In other words, despite being written before the election, the book
reinforces the stereotypes about the typical Bush voter. Liberals
everywhere consoled themselves on November 3rd with the idea that the
country was simply too stupid to vote for the obviously superior
candidate. "The Great Divide" agrees with this self-flattering
appraisal, but conjoins it with the equally stupid idea that red state
voters are economically behind the curve as miners or farmers rather
than web designers or financial analysts.

This week's Village Voice has a cartoon that encapsulates this kind of
elitism. You can see it at: http://www.villagevoice.com/sutton/ under
the caption "Gap-Toothed, Missing Link Troglodytes Delighted by
Presidential Election Outcome." The cartoon depicts two obviously
working-class men standing on an unemployment line saying things like,
"Shee-yit, America shore is number one, ain't we."

Unfortunately, Frank seems to be operating under the mistaken impression
that "class conflict...defined the [Democratic] party in the old days."

This becomes more obvious in his look at Ohio Congressman "Sherrod
Brown's Myths Of Free Trade: Why American Trade Policy Has Failed." He
writes:

>>Someone who understands the implication of this is Representative
Sherrod Brown, a Democrat from the steel-producing 13th District of
Ohio, and a liberal of the old school. In ''Myths of Free Trade'' he
describes the role that the false religion of unregulated free trade has
had in reopening the class divide, and also what we might do about it.
For him the word ''elite'' refers not to someone who likes books, but to
the industry lobbyists whose planes clogged National Airport and whose
gifts inundated Capitol Hill during the debate over Nafta. Brown could
easily have taken the anti-intellectual route to populism since, as he
points out, virtually the entire pundit class, regardless of party,
routinely supports free-trade agreements (and just as routinely depicts
opponents as ''selling out the poor'' or Luddites). The real battle he
lays out is not between salt-of-the-earth folks and effete know-it-alls,
or between tolerant Metro and screeching Retro: it is between all of us
and the corporate power that today bombards labor and environment from
the ideological heights of free trade.<<

If the real battle is between "all of us" and "corporate power," then
the question of Brown's participation in the Democratic Party must be
addressed. Like Dennis Kucinich and many other well-meaning Democrats,
Brown serves merely as window-dressing. Their role in the Democratic
Party is to provide a glimmer of hope that the party can once again be
returned to the "focus on class conflict" that defined it in the past.

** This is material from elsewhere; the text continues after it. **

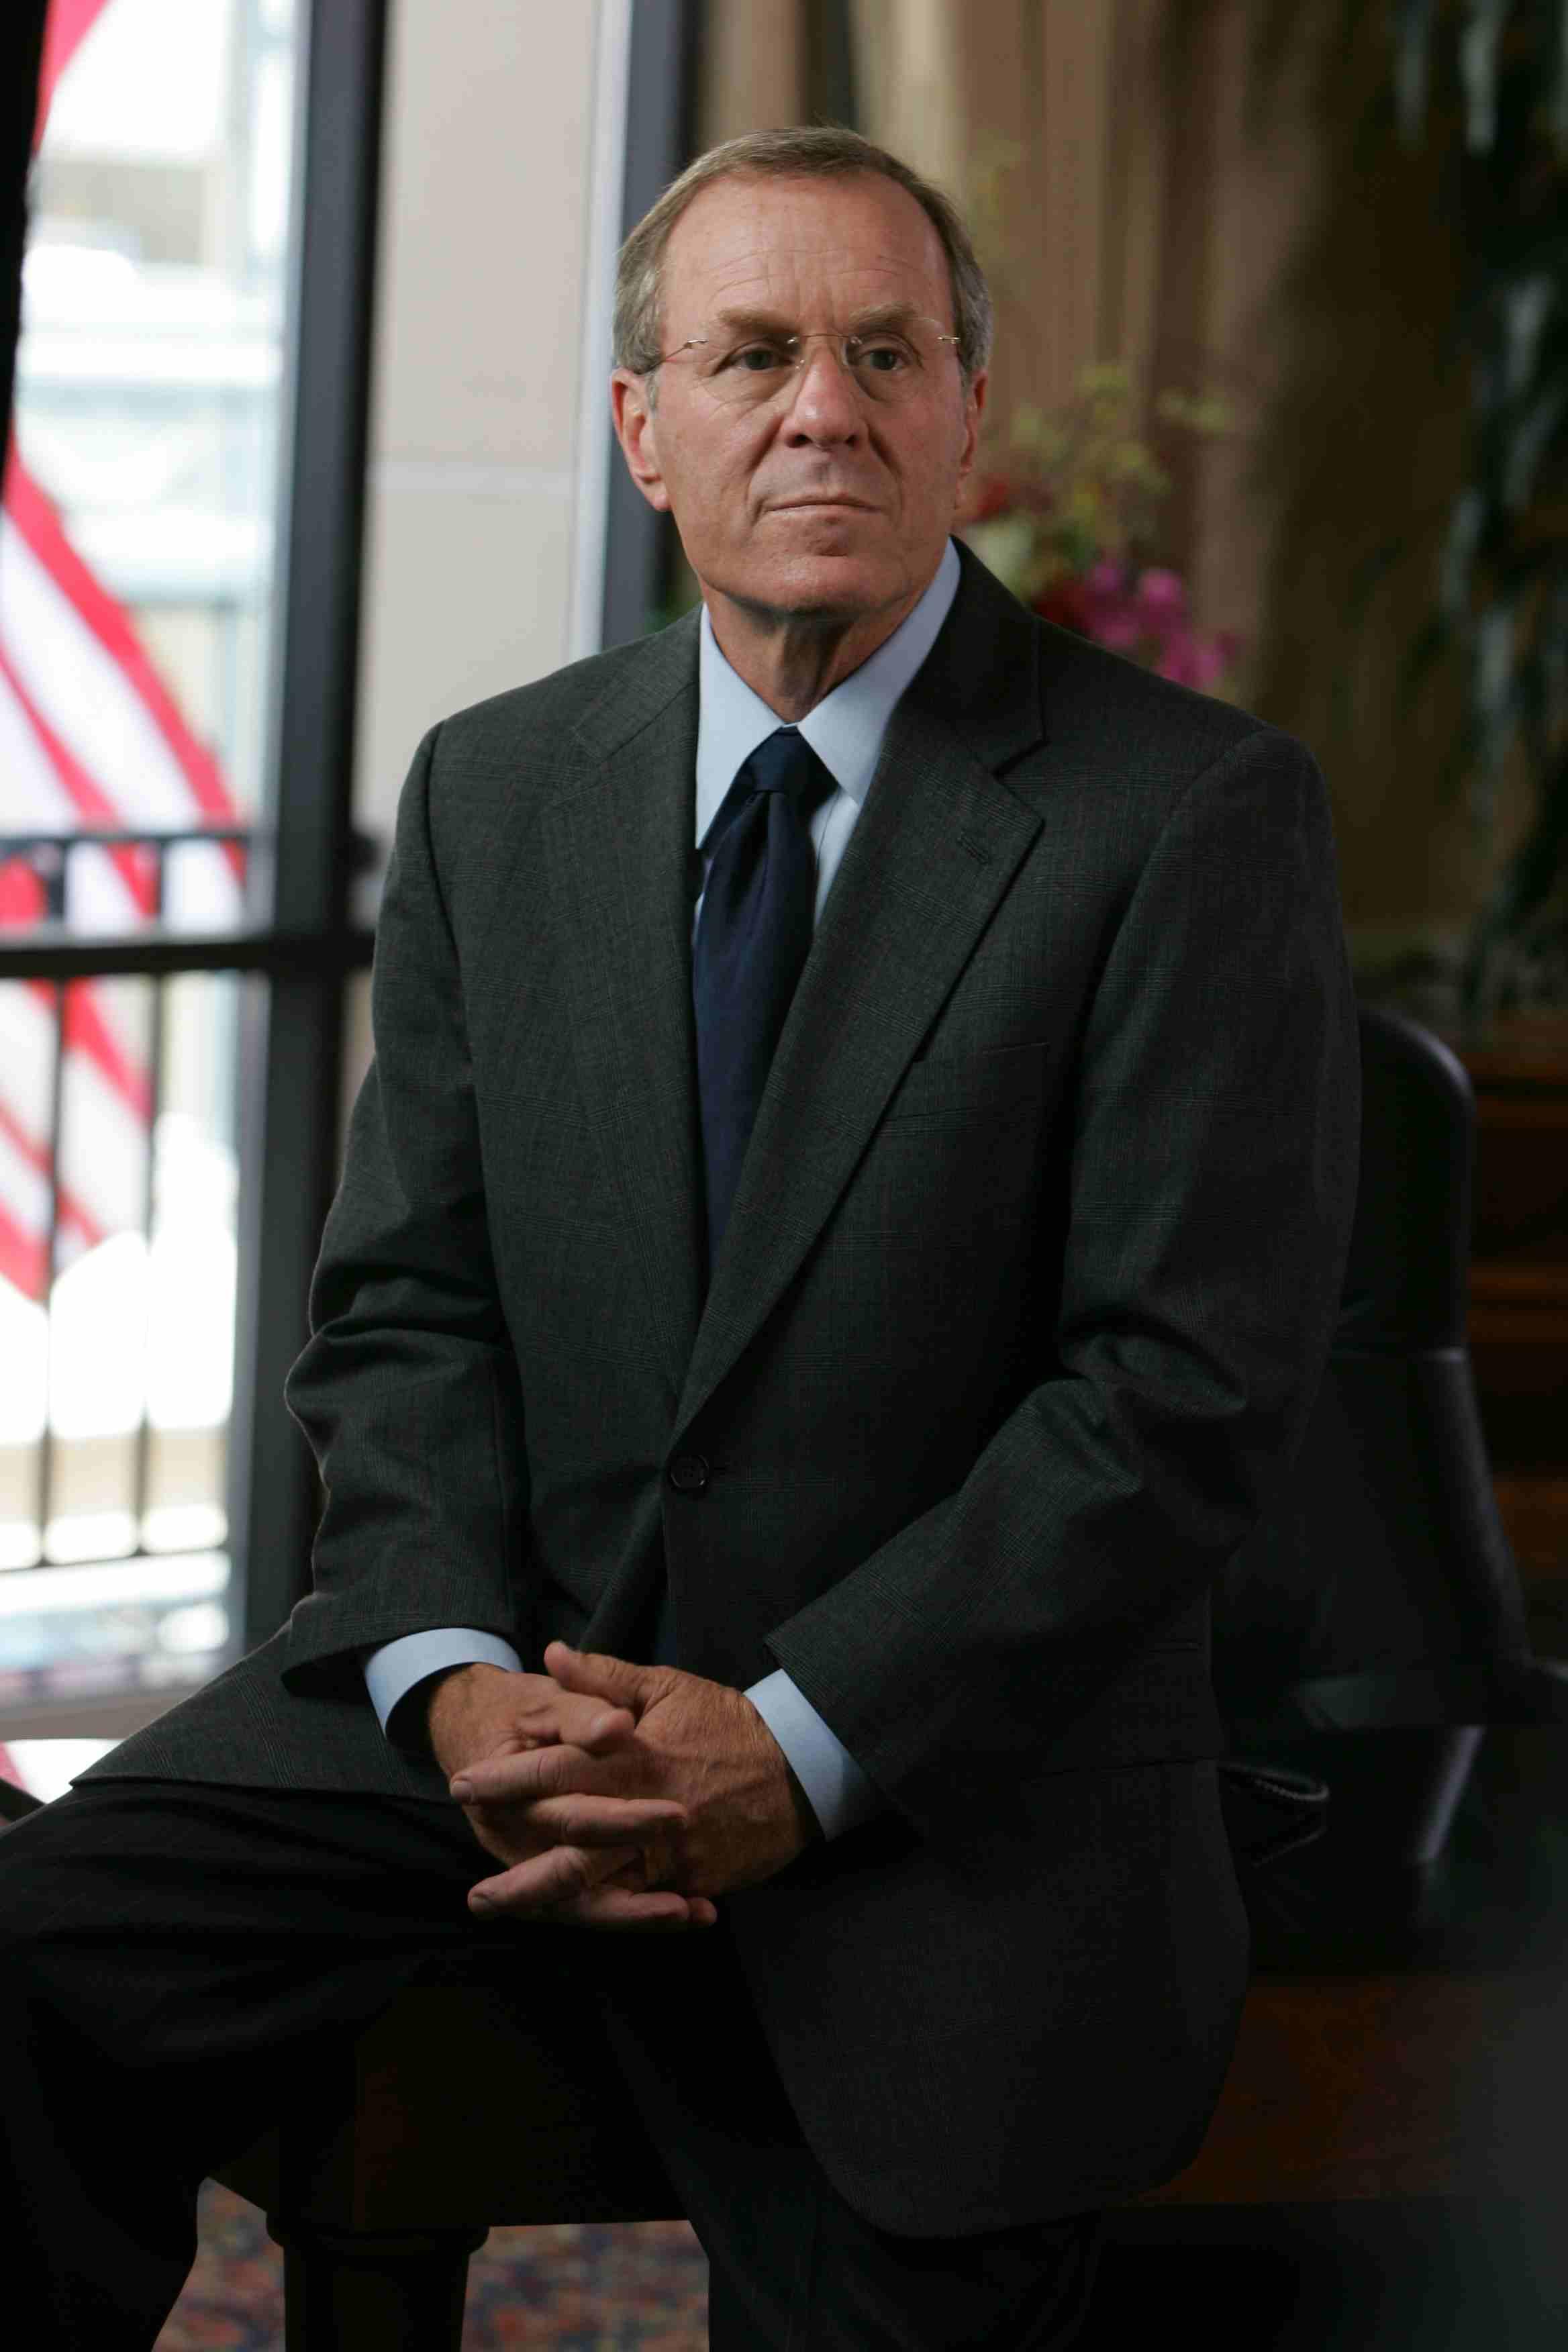 Ted Wins DA's Endorsement
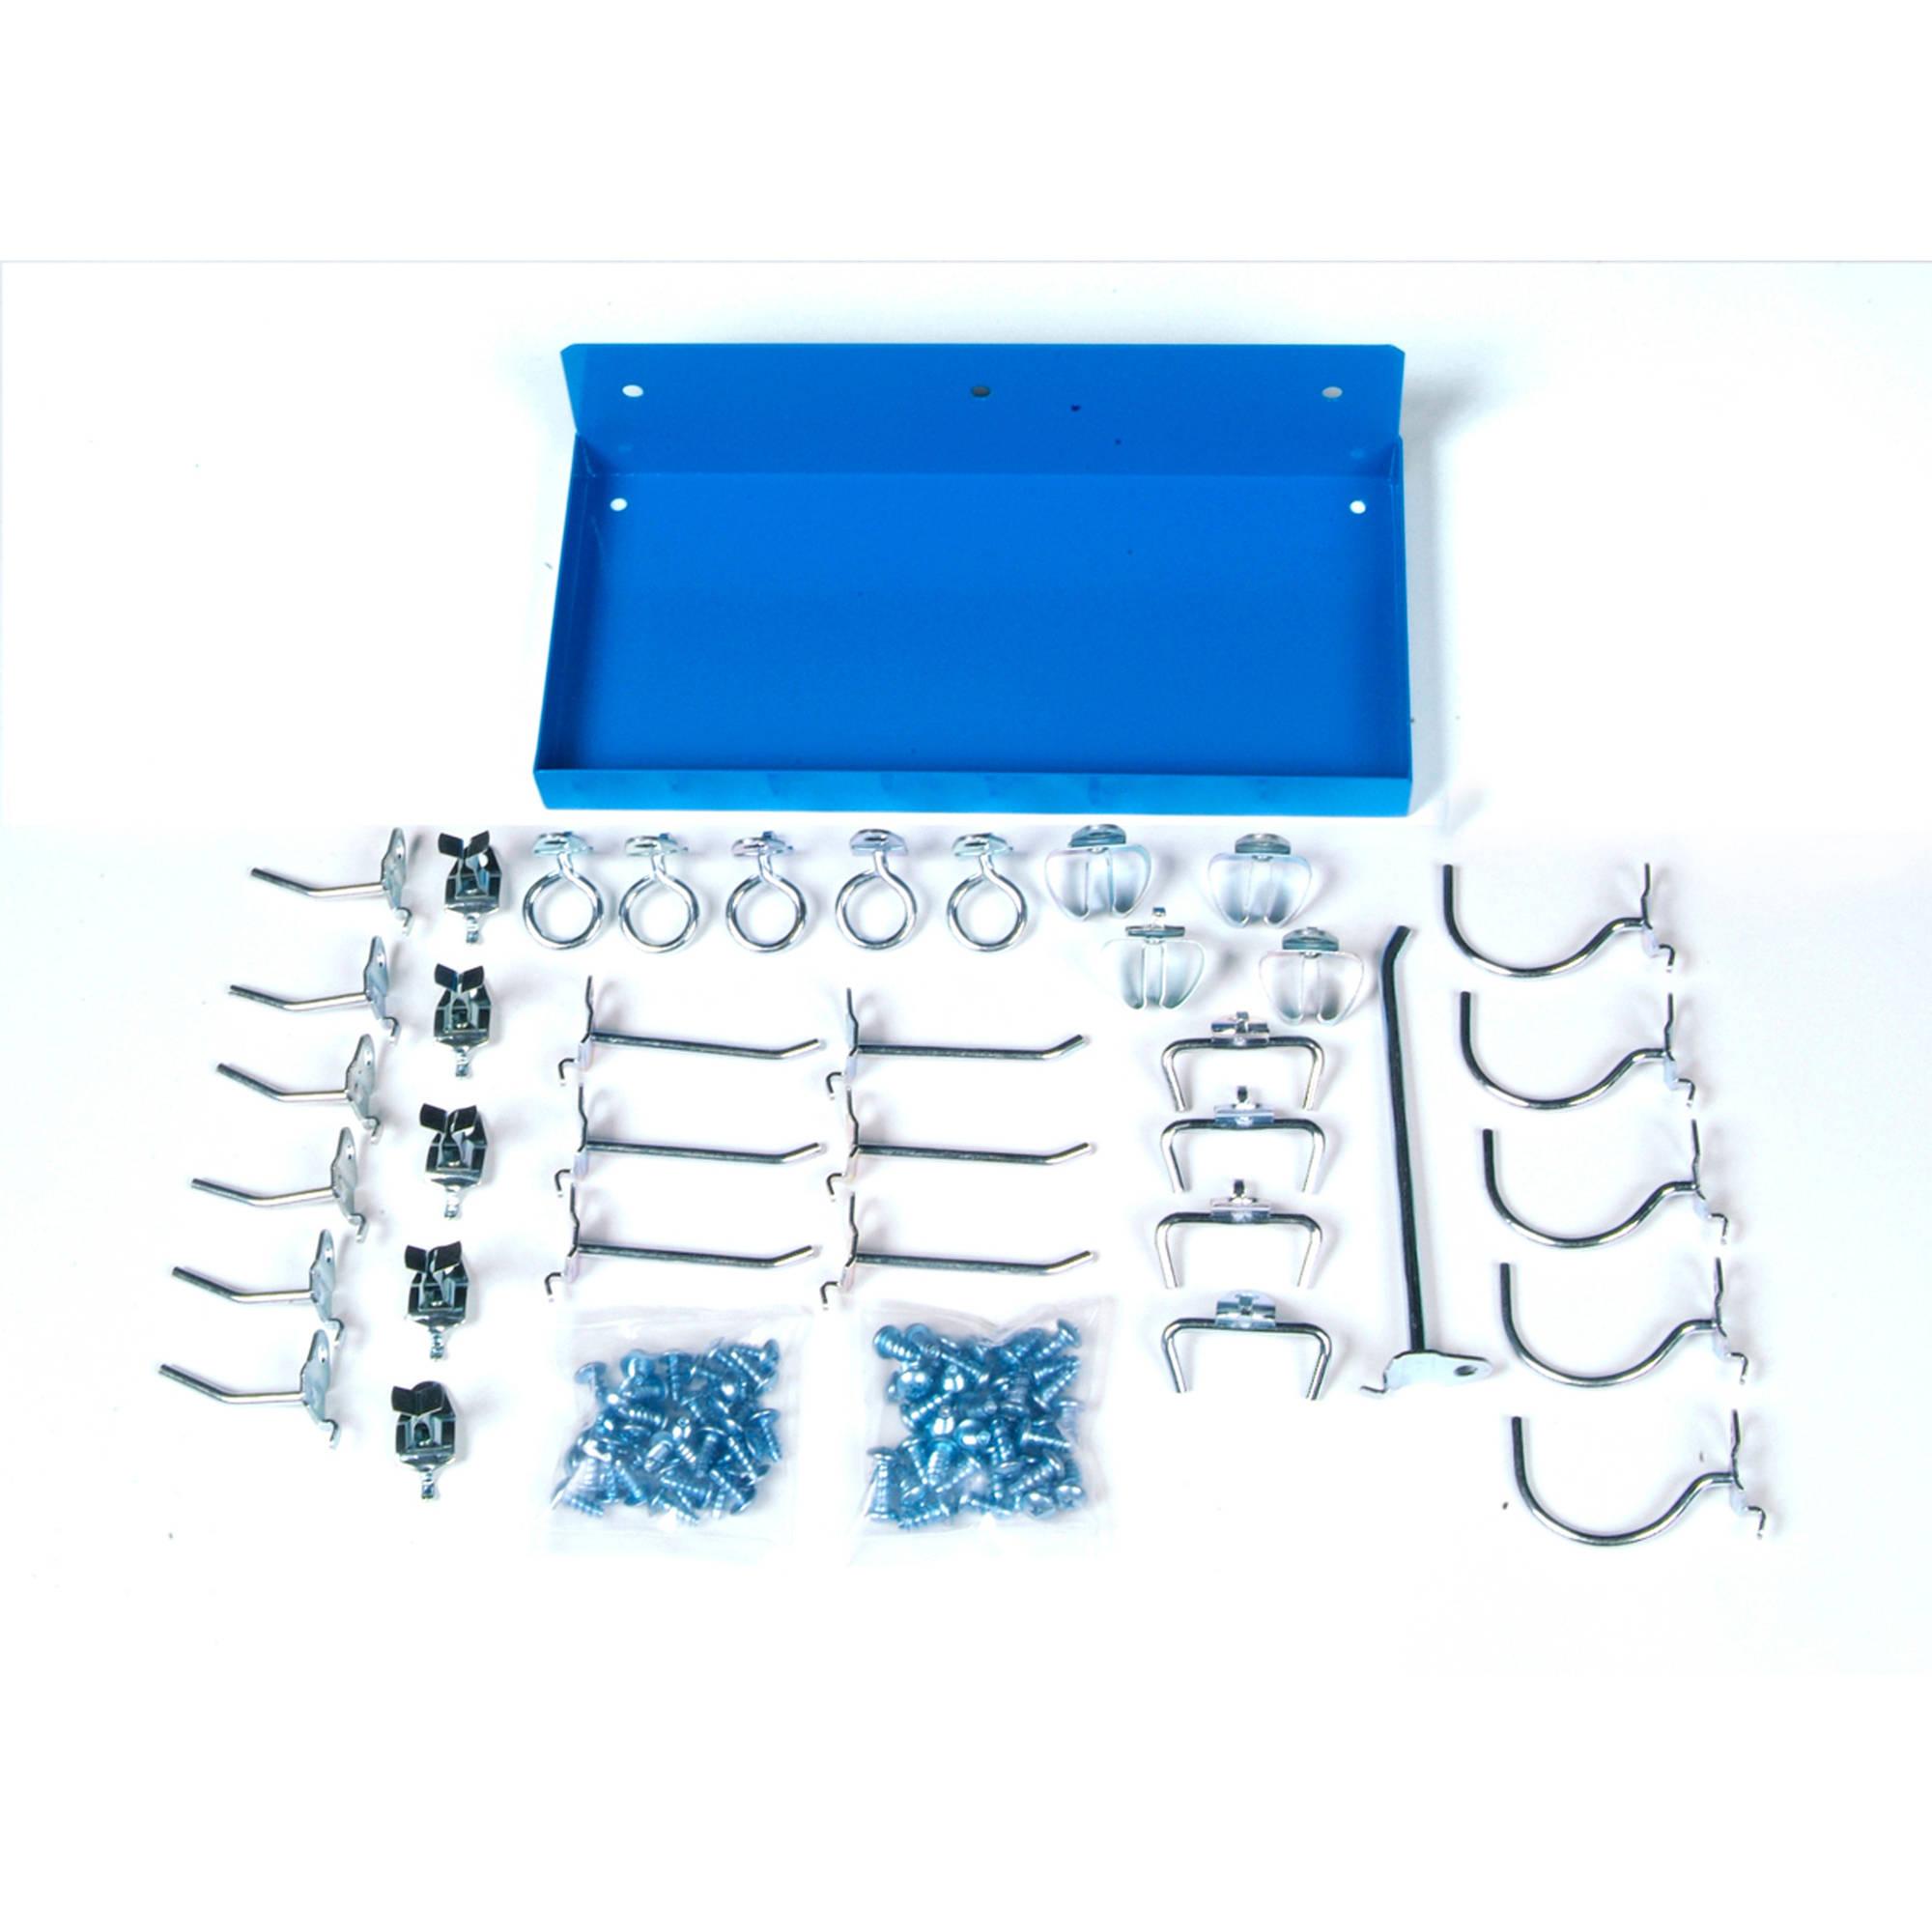 "DuraHook 12""W x 6"" Deep Blue Epoxy Coated Locking Steel Pegboard Shelf with 36-Piece DuraHook Locking Pegboard Hook Assortment"

Considering the underlying structural economic changes that have caused
the rightward shift of the Democratic Party, you have to consider this
type of hope as utterly vain. The one thing that left-liberals like
Thomas Frank fail to understand is that DLC type policies are driven by
the exigencies of world capitalism rather than ideology. The ruling
class in the USA opened up an attack on working people not because it
had been seduced by Thomas Friedman columns but because German and
Japanese big business had made inroads into its profits. Once this
process began to unfold, ideologists stepped forward to rationalize it.
Being determines consciousness, after all.